SRF: a framework for the study of classifier behavior under training set mislabeling noise

  • Authors:
  • Katsiaryna Mirylenka;George Giannakopoulos;Themis Palpanas

  • Affiliations:
  • University of Trento, Italy;Institute of Informatics and Telecommunications of NCSR Demokritos, Greece;University of Trento, Italy

  • Venue:
  • PAKDD'12 Proceedings of the 16th Pacific-Asia conference on Advances in Knowledge Discovery and Data Mining - Volume Part I
  • Year:
  • 2012

Quantified Score

Hi-index 0.00

Visualization

Abstract

Machine learning algorithms perform differently in settings with varying levels of training set mislabeling noise.
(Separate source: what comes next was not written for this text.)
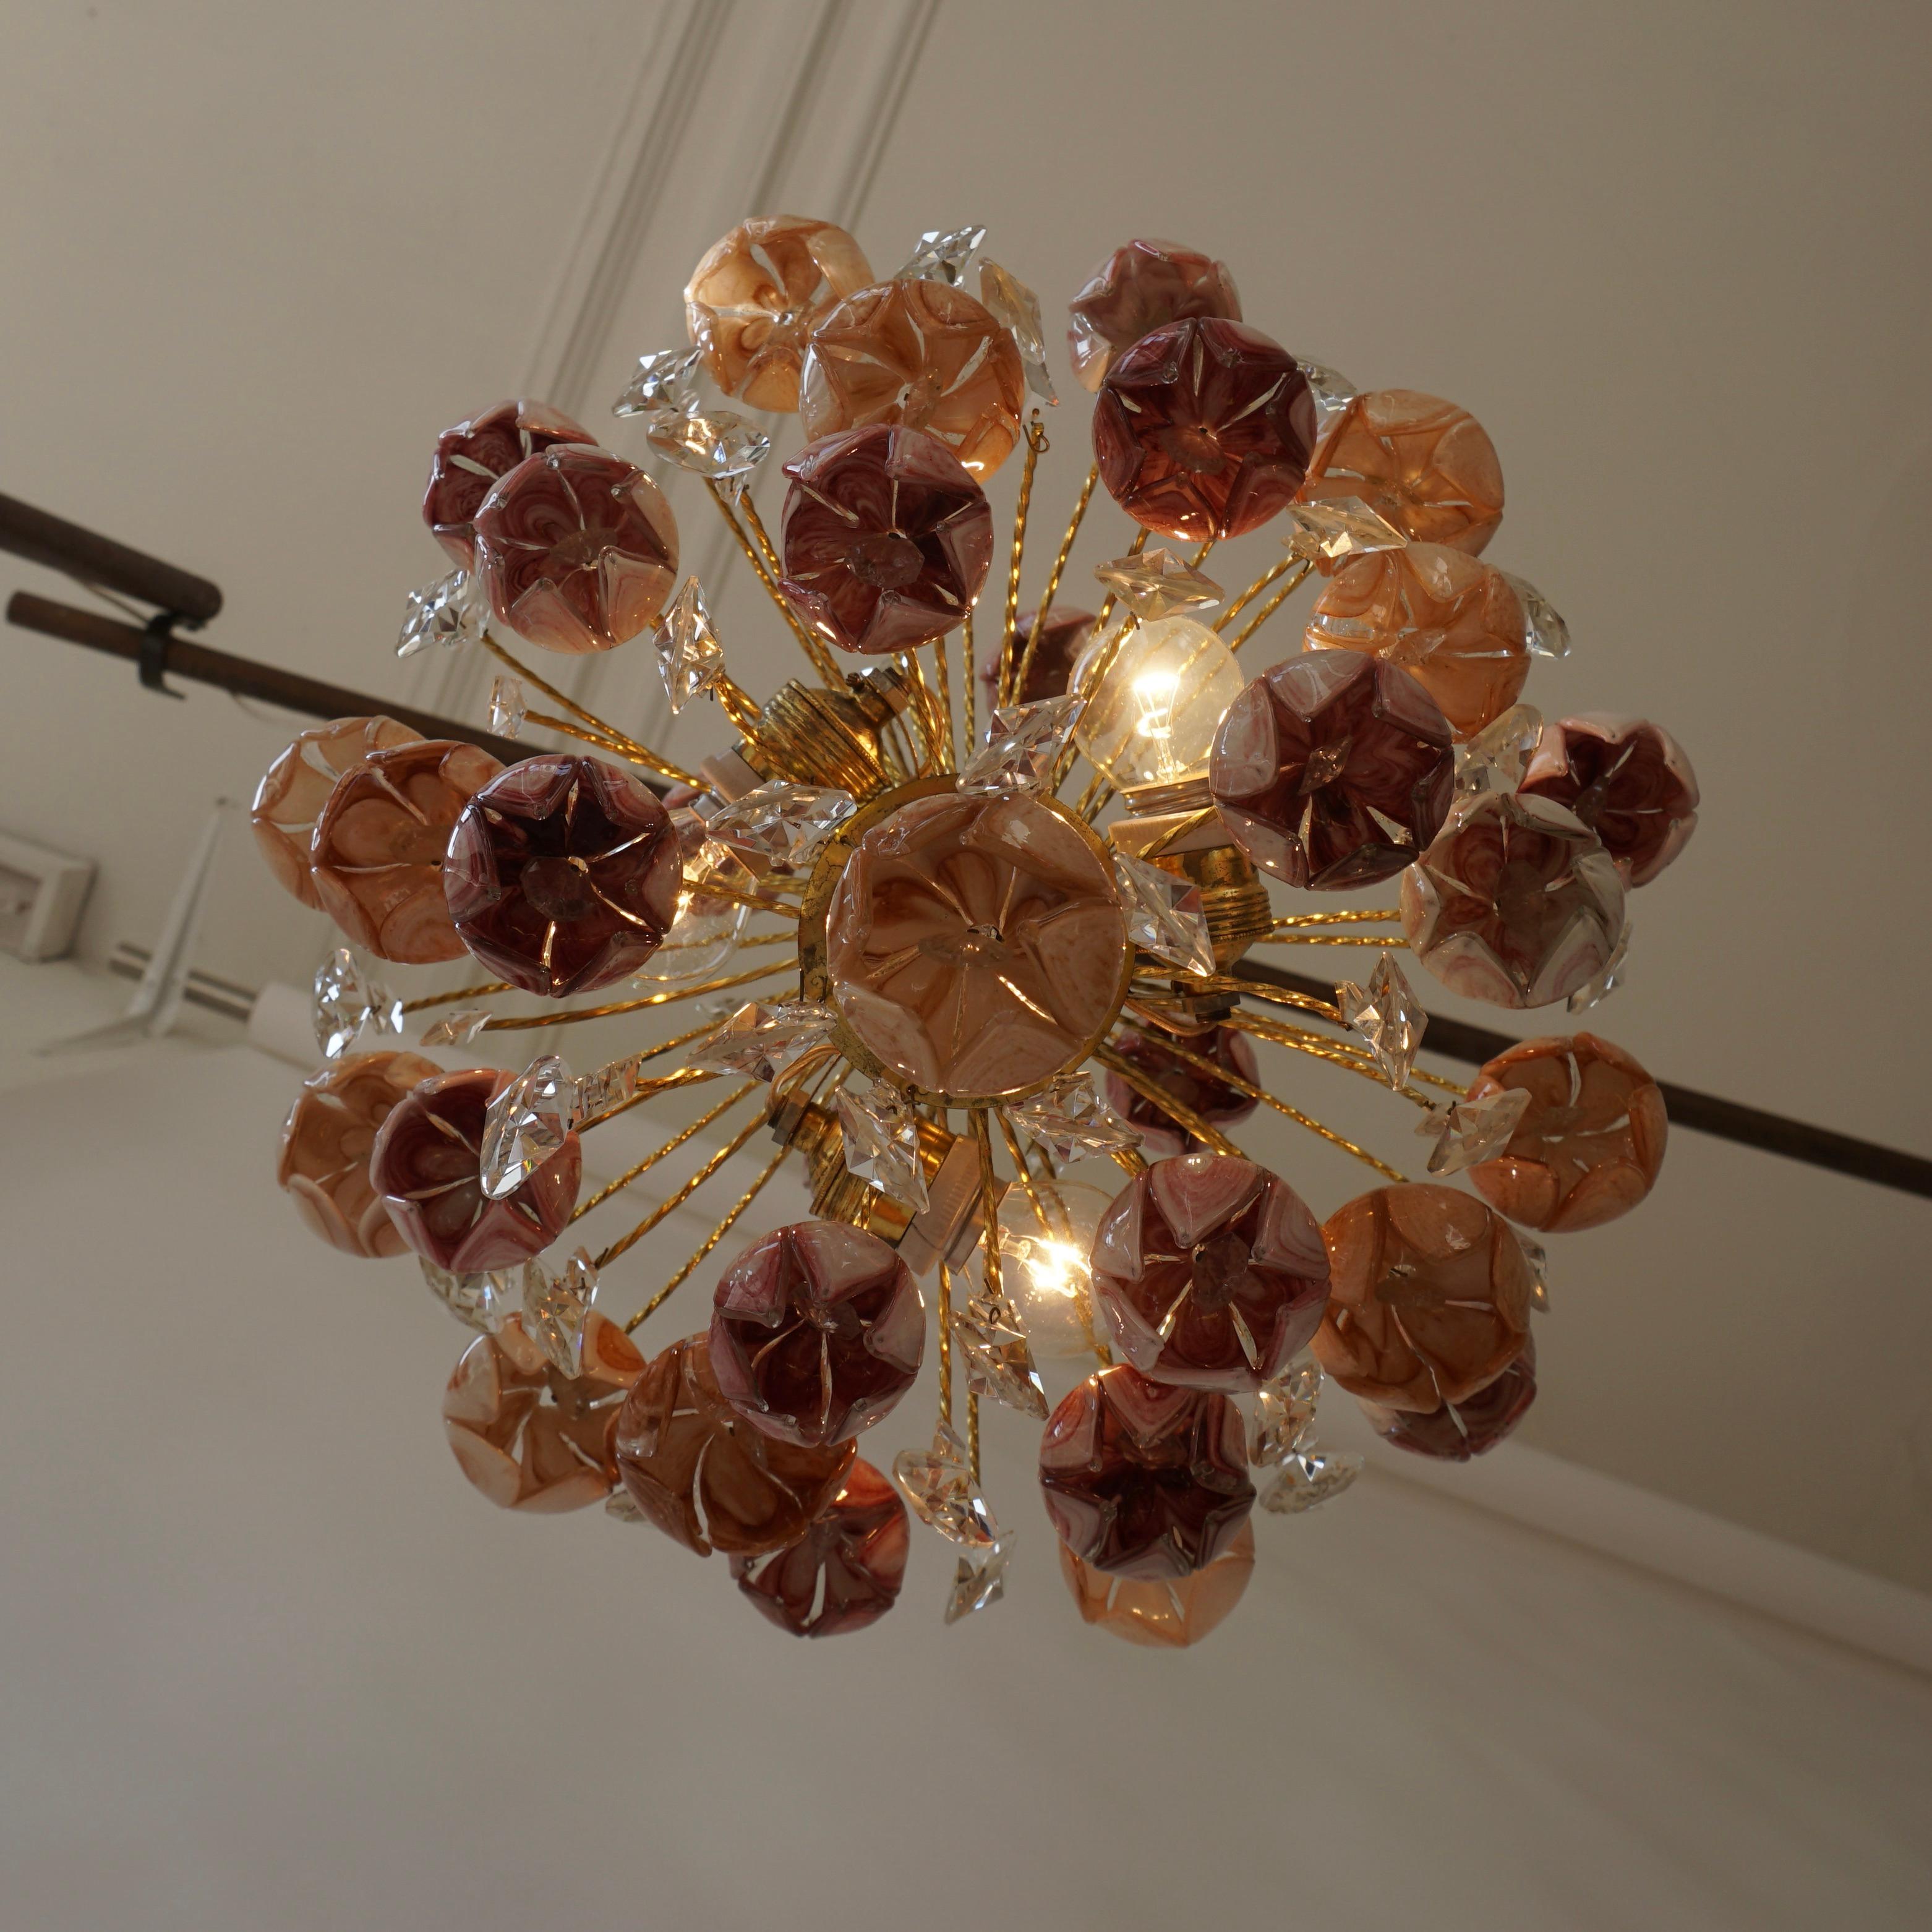 Pair of Murano Glass Floral Chandeliers, Italy, 1970s For Sale 7

Therefore, the choice of a good algorithm for a particular learning problem is crucial. In this paper, we introduce the "Sigmoid Rule" Framework focusing on the description of classifier behavior in noisy settings. The framework uses an existing model of the expected performance of learning algorithms as a sigmoid function of the signal-to-noise ratio in the training instances. We study the parameters of the above sigmoid function using five different classifiers, namely, Naive Bayes, kNN, SVM, a decision tree classifier, and a rule-based classifier. Our study leads to the definition of intuitive criteria based on the sigmoid parameters that can be used to compare the behavior of learning algorithms in the presence of varying levels of noise. Furthermore, we show that there exists a connection between these parameters and the characteristics of the underlying dataset, hinting at how the inherent properties of a dataset affect learning. The framework is applicable to concept drift scenaria, including modeling user behavior over time, and mining of noisy data series, as in sensor networks.